In her message, Dr. Bamishe highlighted the need for immediate intervention to reduce the impact of the disease. “We urge the government, corporate organizations, and concerned citizens to provide essential resources such as sunscreens, UV-protective umbrellas, hats, and clothing to help prevent skin cancer among persons with albinism,” she urged. “Prevention is critical, and these basic resources can save lives.”
Dr. Bamishe also called for the establishment of more accessible treatment options for those already affected by skin cancer. She advocated for free or subsidized healthcare services for individuals with albinism, stressing that many in the community cannot afford the costly treatments required to combat the disease. “We cannot afford to wait any longer. Our people are suffering, and without urgent action, more lives will be lost,” she warned.
A Call for Awareness and Education
Alongside providing medical support, Dr. Bamishe emphasized the need for widespread awareness campaigns to educate the public about the dangers of skin cancer for persons with albinism. She urged that these campaigns be taken to schools, markets, religious gatherings, and the media, where they can reach a broad audience.
“Education is key in changing mindsets and ensuring that persons with albinism are better protected,” she said. “Raising awareness about the risks of sun exposure and the importance of prevention will help save lives and reduce the incidence of skin cancer in our community.”
Dr. Bamishe also called for the inclusion of albinism-related health education in school curricula to ensure that future generations are equipped with the knowledge to protect themselves and their peers.
Appreciation and Gratitude
In addition to making her urgent appeal, Dr. Bamishe took a moment to express gratitude to the Nigerian government, the Executive, Legislative, and Judiciary arms, and other development partners who have supported the Albinism Association of Nigeria’s efforts. She specifically thanked the Lagos State Government for its ongoing assistance and acknowledged the contributions of the Disability Rights Fund (DRF), the AAN’s Board of Trustees, and other philanthropists.
“I want to extend my heartfelt thanks to all who have supported us in 2024,” Dr. Bamishe said. “We are deeply grateful for your unwavering support and for helping us take steps toward improving the lives of persons with albinism in Nigeria.”

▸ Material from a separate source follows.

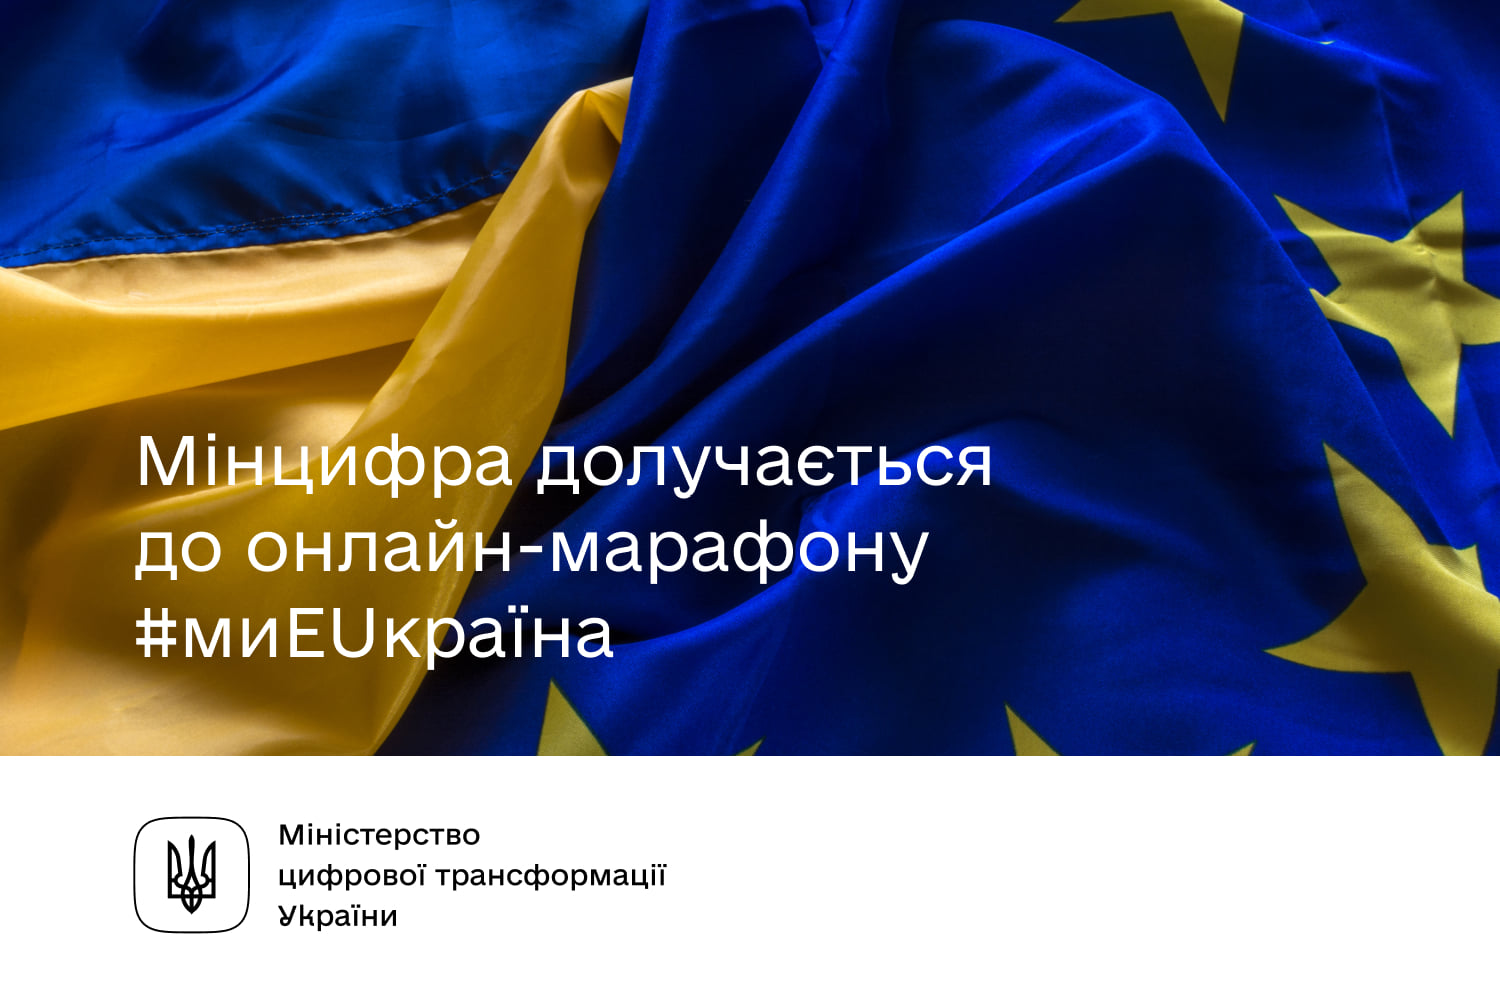 Онлайн-марафон #миEUкраїна до Дня Європи в Україні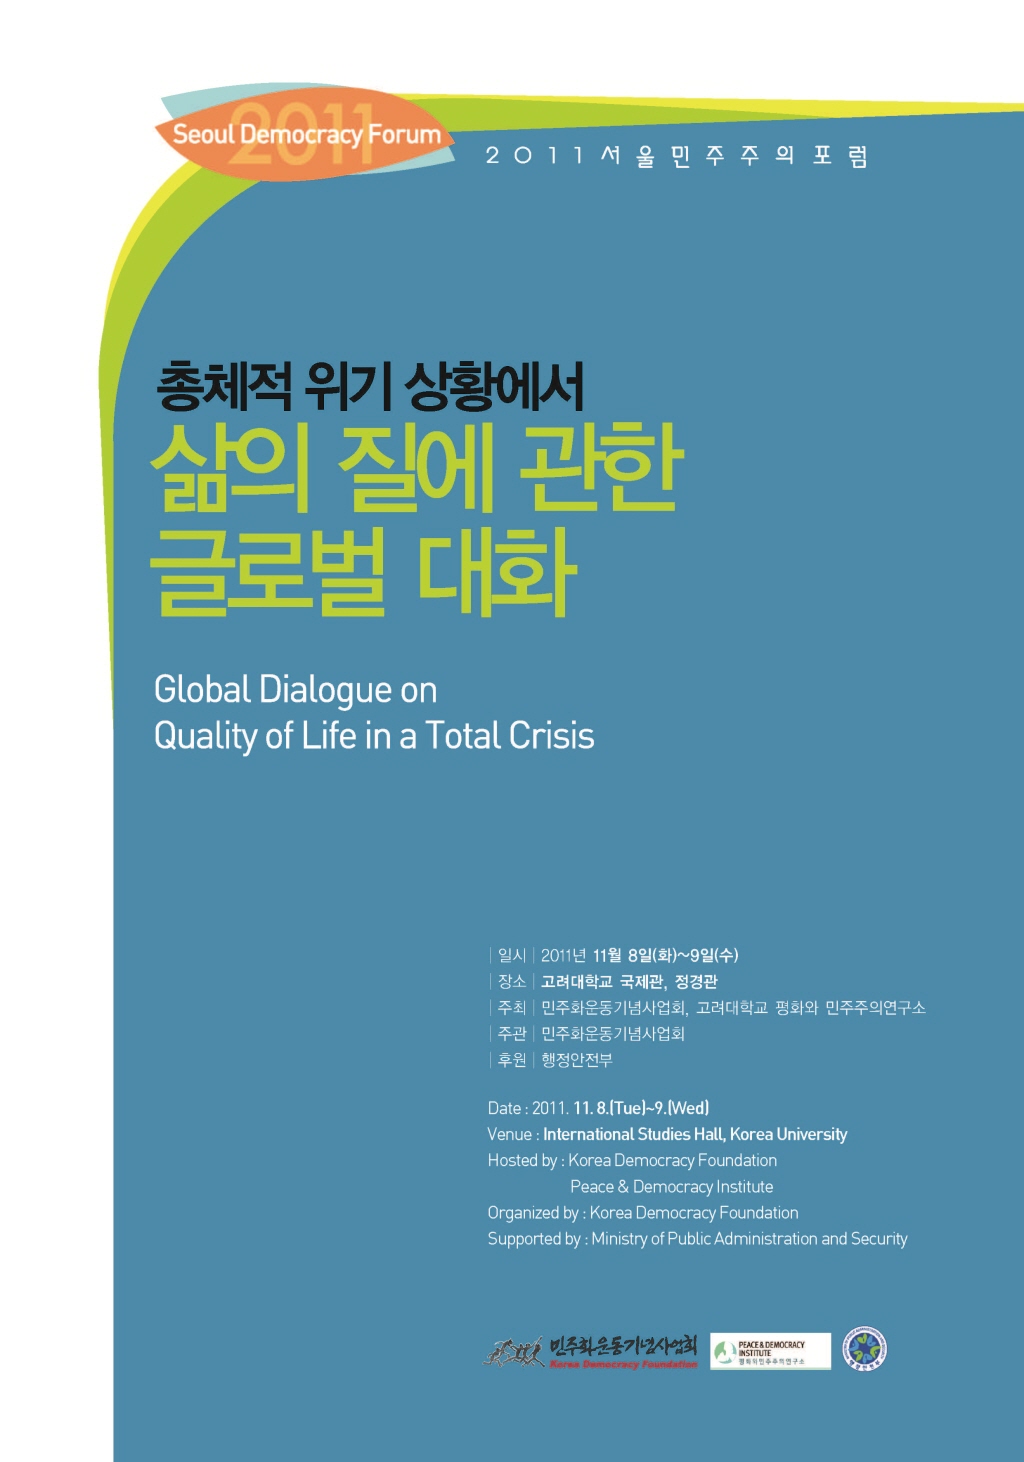 2011 서울민주주의포럼 자료집 (2011 Seoul Democracy Form)

She also urged Nigerians to embrace a spirit of solidarity during the New Year, calling on citizens to extend a helping hand to the albinism community. “As we enter this season of renewal, I encourage all Nigerians to be a part of the solution,” Dr. Bamishe stated. “Together, we can create a future where every individual, regardless of their color or condition, can thrive and contribute meaningfully to society.”
A Call to Action
Dr. Bamishe’s message serves as a powerful reminder of the challenges faced by persons with albinism in Nigeria and the need for immediate action. The growing skin cancer crisis is not just a medical issue—it is a social issue that demands urgent attention from the government, healthcare providers, corporate organizations, and the public.
As the albinism community continues to face this devastating health crisis, Dr. Bamishe’s appeal underscores the importance of collective responsibility in ensuring the well-being of vulnerable populations. By taking swift and decisive action, Nigeria can make a significant difference in the lives of individuals with albinism, offering them the protection and support they need to survive and thrive.
This New Year, let us stand together to protect the lives of those who need it the most. The time to act is now.